To do - Transcribe the stretch of entries below from the line with "Twister Jeans Kadın" through the line with "Black lacquered birch, elm and pewter inlay.", exactly and with both ends included; leave out all other lines.

== Segment start ==

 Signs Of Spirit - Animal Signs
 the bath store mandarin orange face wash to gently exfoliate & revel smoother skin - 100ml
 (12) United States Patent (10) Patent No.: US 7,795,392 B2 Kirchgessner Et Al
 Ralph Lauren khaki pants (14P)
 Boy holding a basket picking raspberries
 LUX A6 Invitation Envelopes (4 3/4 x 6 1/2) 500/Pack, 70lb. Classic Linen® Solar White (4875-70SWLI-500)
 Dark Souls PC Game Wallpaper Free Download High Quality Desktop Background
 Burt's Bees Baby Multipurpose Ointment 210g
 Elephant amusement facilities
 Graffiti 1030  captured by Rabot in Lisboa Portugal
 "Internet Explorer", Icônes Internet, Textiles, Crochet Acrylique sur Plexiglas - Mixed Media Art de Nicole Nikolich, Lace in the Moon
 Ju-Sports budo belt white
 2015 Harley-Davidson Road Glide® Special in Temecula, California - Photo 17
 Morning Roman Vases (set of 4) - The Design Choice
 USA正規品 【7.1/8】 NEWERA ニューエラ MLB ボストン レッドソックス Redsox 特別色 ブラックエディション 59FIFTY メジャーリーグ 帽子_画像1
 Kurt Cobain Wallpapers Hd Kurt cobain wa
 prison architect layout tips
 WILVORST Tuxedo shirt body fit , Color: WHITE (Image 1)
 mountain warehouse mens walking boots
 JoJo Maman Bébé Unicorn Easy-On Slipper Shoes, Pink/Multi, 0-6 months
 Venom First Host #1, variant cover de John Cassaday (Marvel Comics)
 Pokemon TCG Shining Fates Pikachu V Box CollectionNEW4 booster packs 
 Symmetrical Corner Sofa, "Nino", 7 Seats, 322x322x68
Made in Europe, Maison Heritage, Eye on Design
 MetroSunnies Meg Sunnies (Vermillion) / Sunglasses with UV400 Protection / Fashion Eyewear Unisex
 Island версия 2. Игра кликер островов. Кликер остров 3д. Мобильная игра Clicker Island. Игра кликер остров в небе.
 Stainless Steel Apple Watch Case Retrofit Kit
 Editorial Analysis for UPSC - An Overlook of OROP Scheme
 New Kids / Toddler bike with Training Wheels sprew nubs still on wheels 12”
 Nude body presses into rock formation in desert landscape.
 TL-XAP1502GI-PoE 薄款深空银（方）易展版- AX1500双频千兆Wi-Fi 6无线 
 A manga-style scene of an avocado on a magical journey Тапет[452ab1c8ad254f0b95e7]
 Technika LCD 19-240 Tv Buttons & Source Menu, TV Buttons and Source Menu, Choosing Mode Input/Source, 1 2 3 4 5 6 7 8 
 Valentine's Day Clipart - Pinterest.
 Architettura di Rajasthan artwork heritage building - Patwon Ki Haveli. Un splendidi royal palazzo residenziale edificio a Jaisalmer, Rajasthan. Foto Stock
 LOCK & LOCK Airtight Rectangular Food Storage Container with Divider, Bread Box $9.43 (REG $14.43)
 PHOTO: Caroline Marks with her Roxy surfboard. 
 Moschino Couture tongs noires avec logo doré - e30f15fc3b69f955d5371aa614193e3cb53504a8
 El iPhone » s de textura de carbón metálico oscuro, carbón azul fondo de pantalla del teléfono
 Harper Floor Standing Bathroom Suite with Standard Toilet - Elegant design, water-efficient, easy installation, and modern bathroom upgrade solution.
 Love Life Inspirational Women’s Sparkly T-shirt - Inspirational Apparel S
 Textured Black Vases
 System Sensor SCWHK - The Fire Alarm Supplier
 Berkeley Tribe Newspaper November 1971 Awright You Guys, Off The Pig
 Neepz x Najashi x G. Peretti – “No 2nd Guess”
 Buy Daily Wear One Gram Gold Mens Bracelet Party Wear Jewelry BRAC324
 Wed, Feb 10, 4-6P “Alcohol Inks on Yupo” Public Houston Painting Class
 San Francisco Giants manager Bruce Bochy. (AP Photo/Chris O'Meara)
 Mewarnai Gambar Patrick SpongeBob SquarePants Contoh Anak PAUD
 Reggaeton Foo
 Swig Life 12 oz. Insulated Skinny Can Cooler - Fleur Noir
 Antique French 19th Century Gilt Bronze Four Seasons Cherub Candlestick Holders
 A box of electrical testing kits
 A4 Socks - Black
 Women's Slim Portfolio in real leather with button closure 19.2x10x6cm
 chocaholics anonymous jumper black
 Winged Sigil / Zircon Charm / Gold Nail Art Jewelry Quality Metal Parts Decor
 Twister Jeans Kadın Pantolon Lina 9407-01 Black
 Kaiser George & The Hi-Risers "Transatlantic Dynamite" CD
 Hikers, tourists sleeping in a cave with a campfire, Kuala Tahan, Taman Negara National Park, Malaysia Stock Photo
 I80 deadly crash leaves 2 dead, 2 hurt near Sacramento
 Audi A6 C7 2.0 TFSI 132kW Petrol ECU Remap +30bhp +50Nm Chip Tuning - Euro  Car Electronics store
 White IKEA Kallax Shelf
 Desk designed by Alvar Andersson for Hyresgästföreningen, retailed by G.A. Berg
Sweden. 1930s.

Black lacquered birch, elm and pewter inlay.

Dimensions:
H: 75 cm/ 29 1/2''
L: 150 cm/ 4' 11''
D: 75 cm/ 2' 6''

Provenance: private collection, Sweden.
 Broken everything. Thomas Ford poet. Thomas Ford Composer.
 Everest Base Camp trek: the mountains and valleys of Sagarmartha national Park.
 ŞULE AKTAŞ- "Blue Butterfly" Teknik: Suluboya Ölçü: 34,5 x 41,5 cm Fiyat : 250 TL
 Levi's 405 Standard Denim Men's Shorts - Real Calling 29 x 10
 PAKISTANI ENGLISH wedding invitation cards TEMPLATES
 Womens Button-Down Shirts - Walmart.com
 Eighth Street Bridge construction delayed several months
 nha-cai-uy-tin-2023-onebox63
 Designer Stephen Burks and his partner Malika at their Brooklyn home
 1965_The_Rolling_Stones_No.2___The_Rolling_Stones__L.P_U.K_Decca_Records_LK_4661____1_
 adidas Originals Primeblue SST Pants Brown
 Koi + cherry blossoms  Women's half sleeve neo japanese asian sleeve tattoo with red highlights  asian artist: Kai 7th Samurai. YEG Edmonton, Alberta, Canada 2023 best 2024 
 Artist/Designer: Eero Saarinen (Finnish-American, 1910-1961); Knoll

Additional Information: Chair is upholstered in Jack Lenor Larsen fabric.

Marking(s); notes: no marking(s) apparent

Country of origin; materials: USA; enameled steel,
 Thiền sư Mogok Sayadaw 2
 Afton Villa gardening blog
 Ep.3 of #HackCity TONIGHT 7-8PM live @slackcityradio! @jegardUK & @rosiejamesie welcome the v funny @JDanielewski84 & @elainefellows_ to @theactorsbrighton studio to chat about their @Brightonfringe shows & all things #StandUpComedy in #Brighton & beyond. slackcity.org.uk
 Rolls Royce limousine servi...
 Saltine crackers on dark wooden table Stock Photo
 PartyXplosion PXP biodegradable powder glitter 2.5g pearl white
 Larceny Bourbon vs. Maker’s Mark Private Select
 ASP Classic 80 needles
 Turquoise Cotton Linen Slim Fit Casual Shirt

== Segment end ==

Task response -
 Twister Jeans Kadın Pantolon Lina 9407-01 Black
 Kaiser George & The Hi-Risers "Transatlantic Dynamite" CD
 Hikers, tourists sleeping in a cave with a campfire, Kuala Tahan, Taman Negara National Park, Malaysia Stock Photo
 I80 deadly crash leaves 2 dead, 2 hurt near Sacramento
 Audi A6 C7 2.0 TFSI 132kW Petrol ECU Remap +30bhp +50Nm Chip Tuning - Euro  Car Electronics store
 White IKEA Kallax Shelf
 Desk designed by Alvar Andersson for Hyresgästföreningen, retailed by G.A. Berg
Sweden. 1930s.

Black lacquered birch, elm and pewter inlay.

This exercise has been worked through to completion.